Action item: Write out the full listing exactly as given, minus the images.

Start of Given data

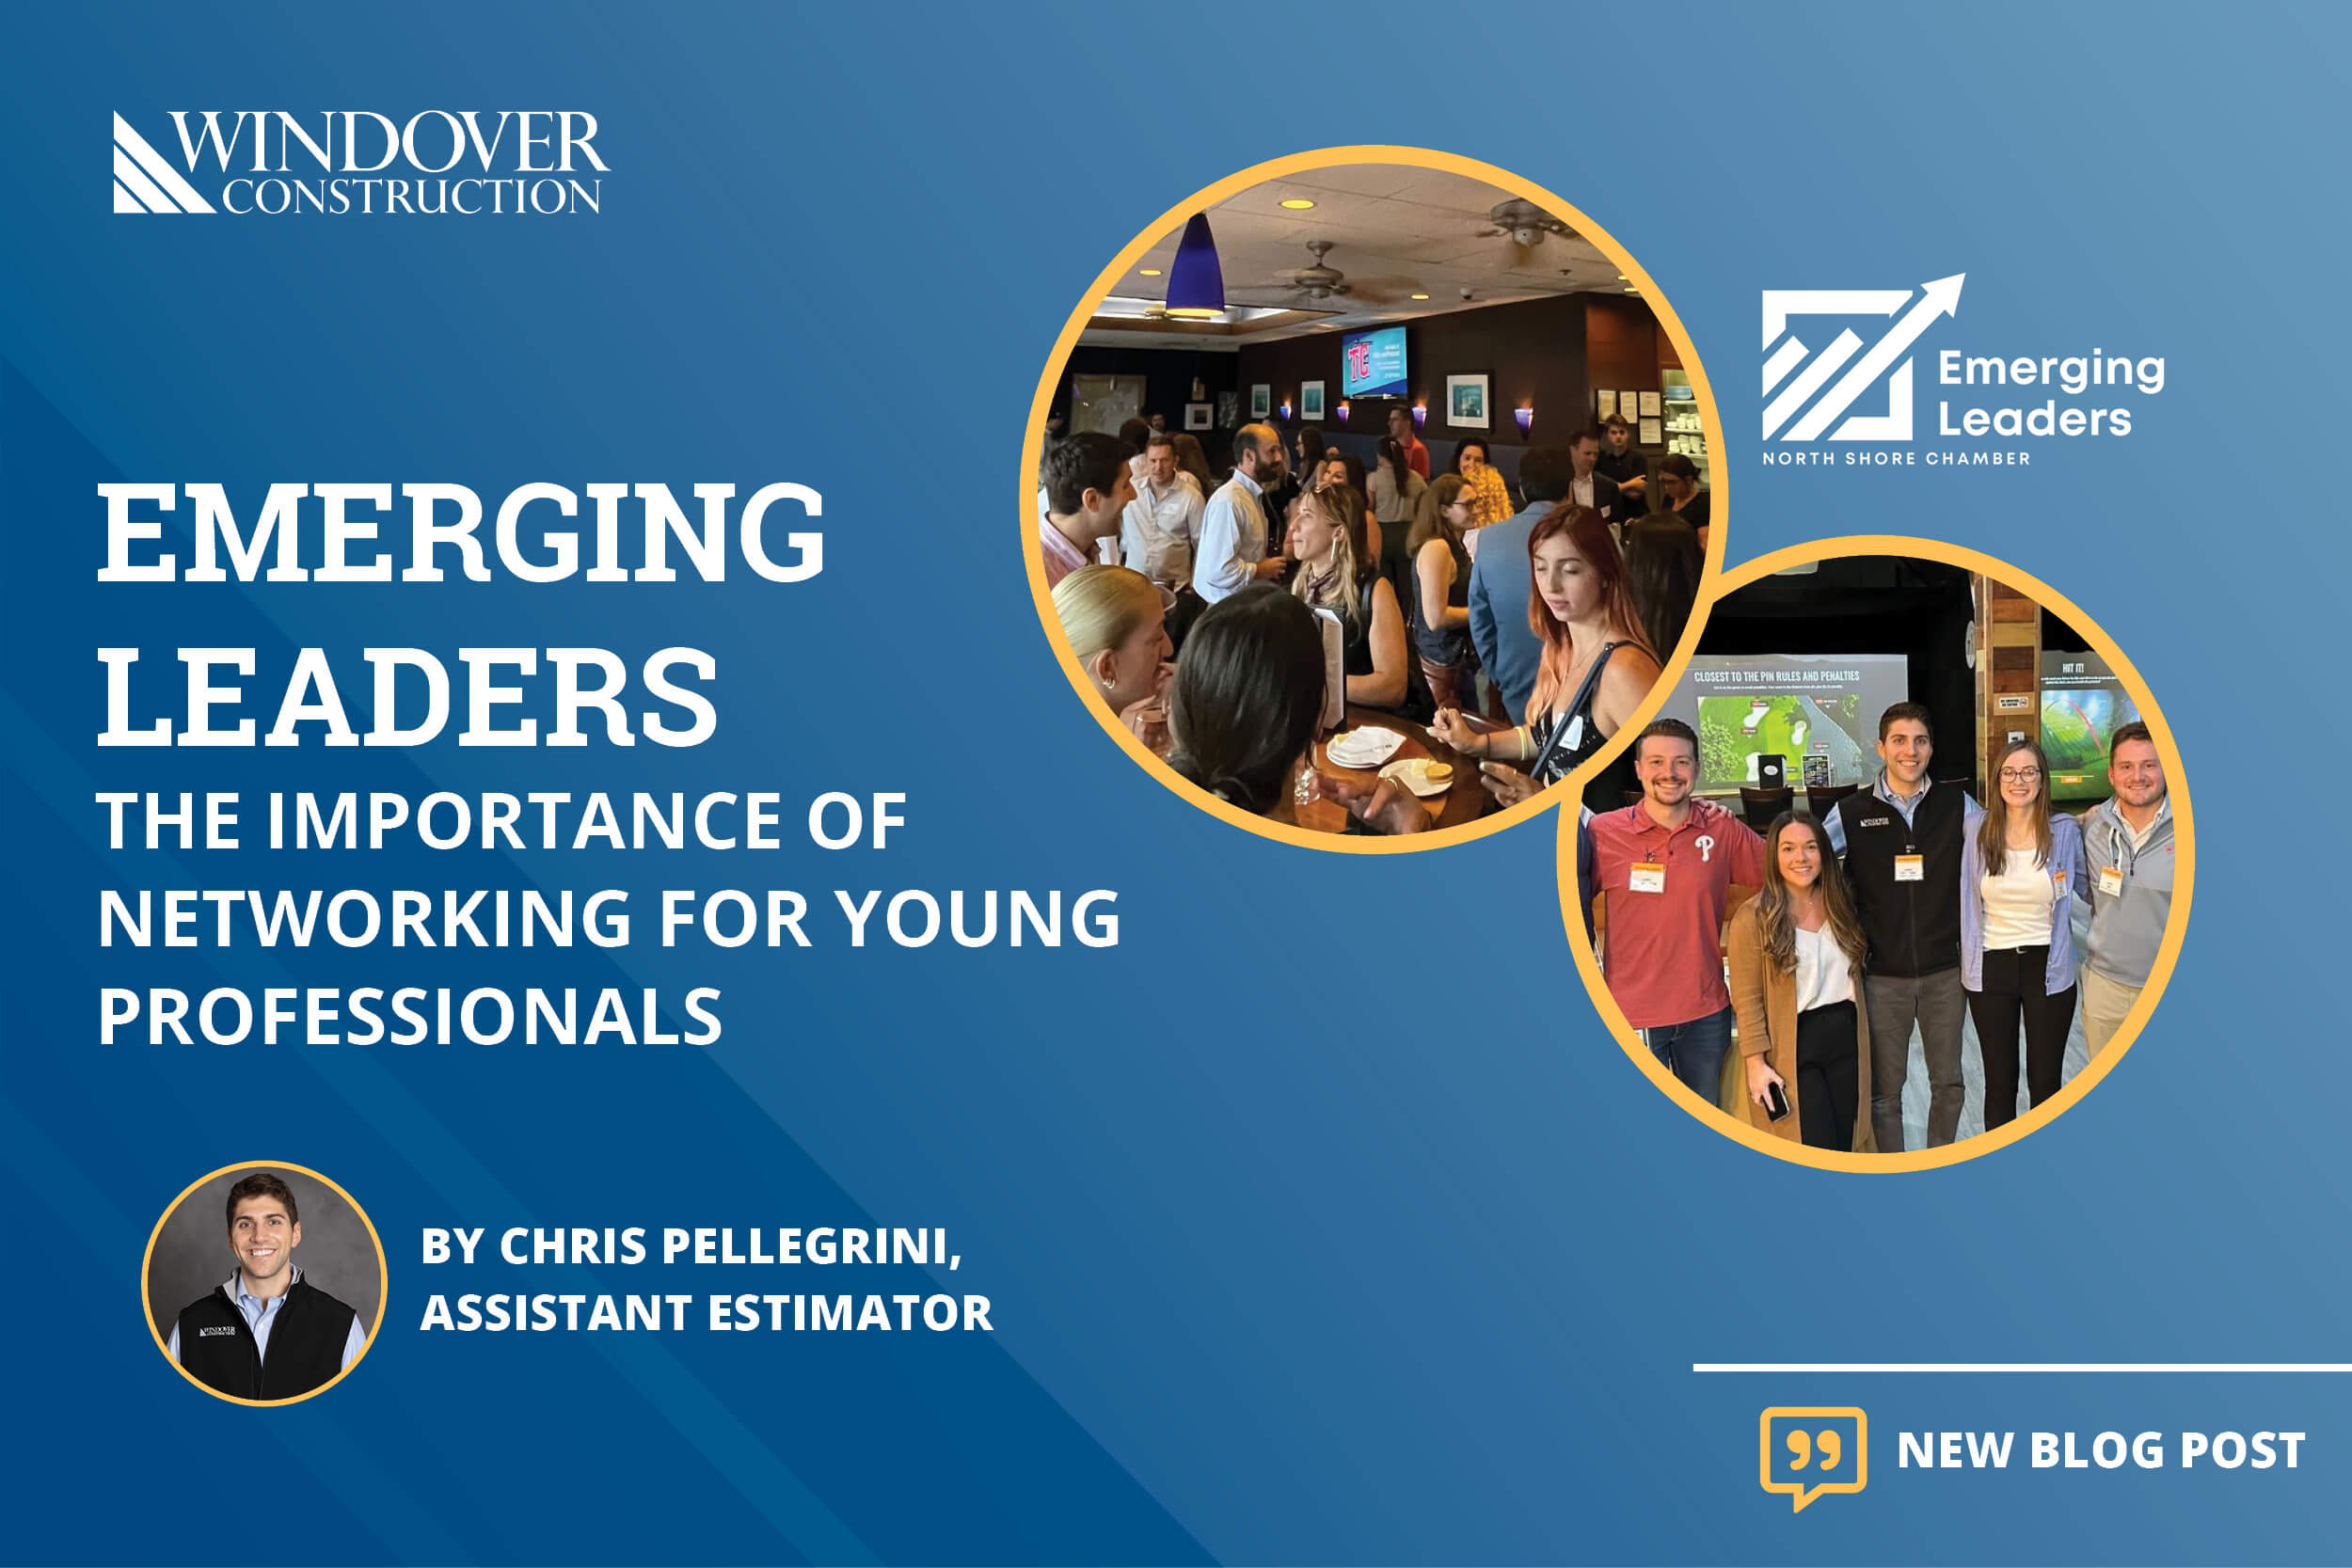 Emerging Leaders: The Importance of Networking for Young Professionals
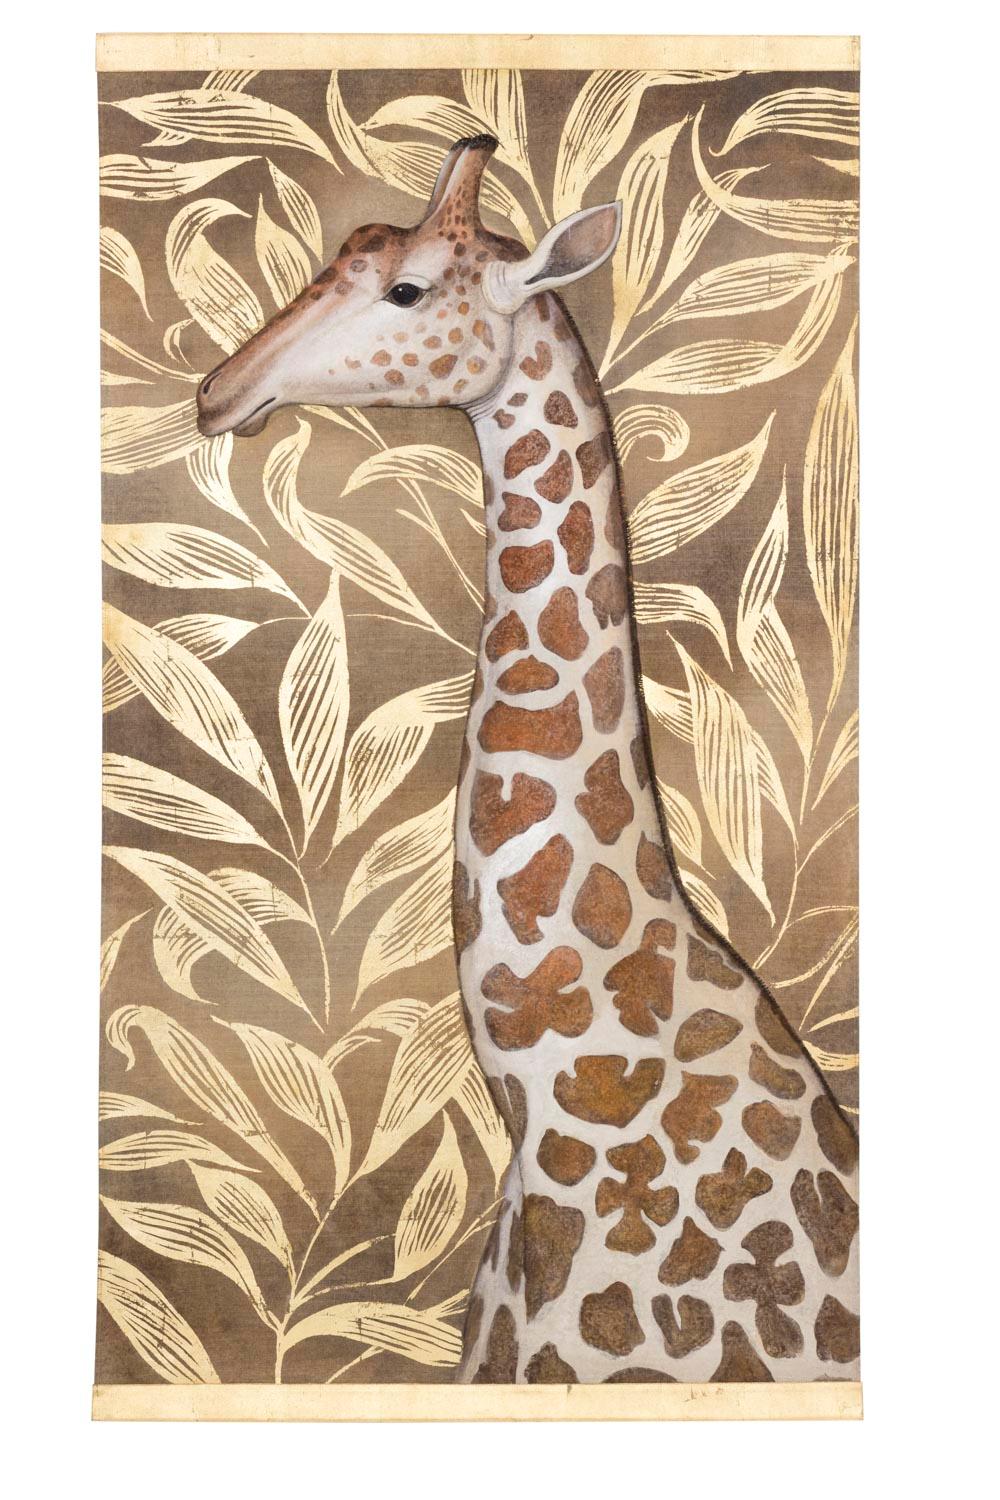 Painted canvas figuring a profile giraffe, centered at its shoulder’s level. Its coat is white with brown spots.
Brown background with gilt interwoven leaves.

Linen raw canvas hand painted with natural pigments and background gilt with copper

End of Given data

Expected answer:
 Emerging Leaders: The Importance of Networking for Young Professionals
 Painted canvas figuring a profile giraffe, centered at its shoulder’s level. Its coat is white with brown spots.
Brown background with gilt interwoven leaves.

Linen raw canvas hand painted with natural pigments and background gilt with copper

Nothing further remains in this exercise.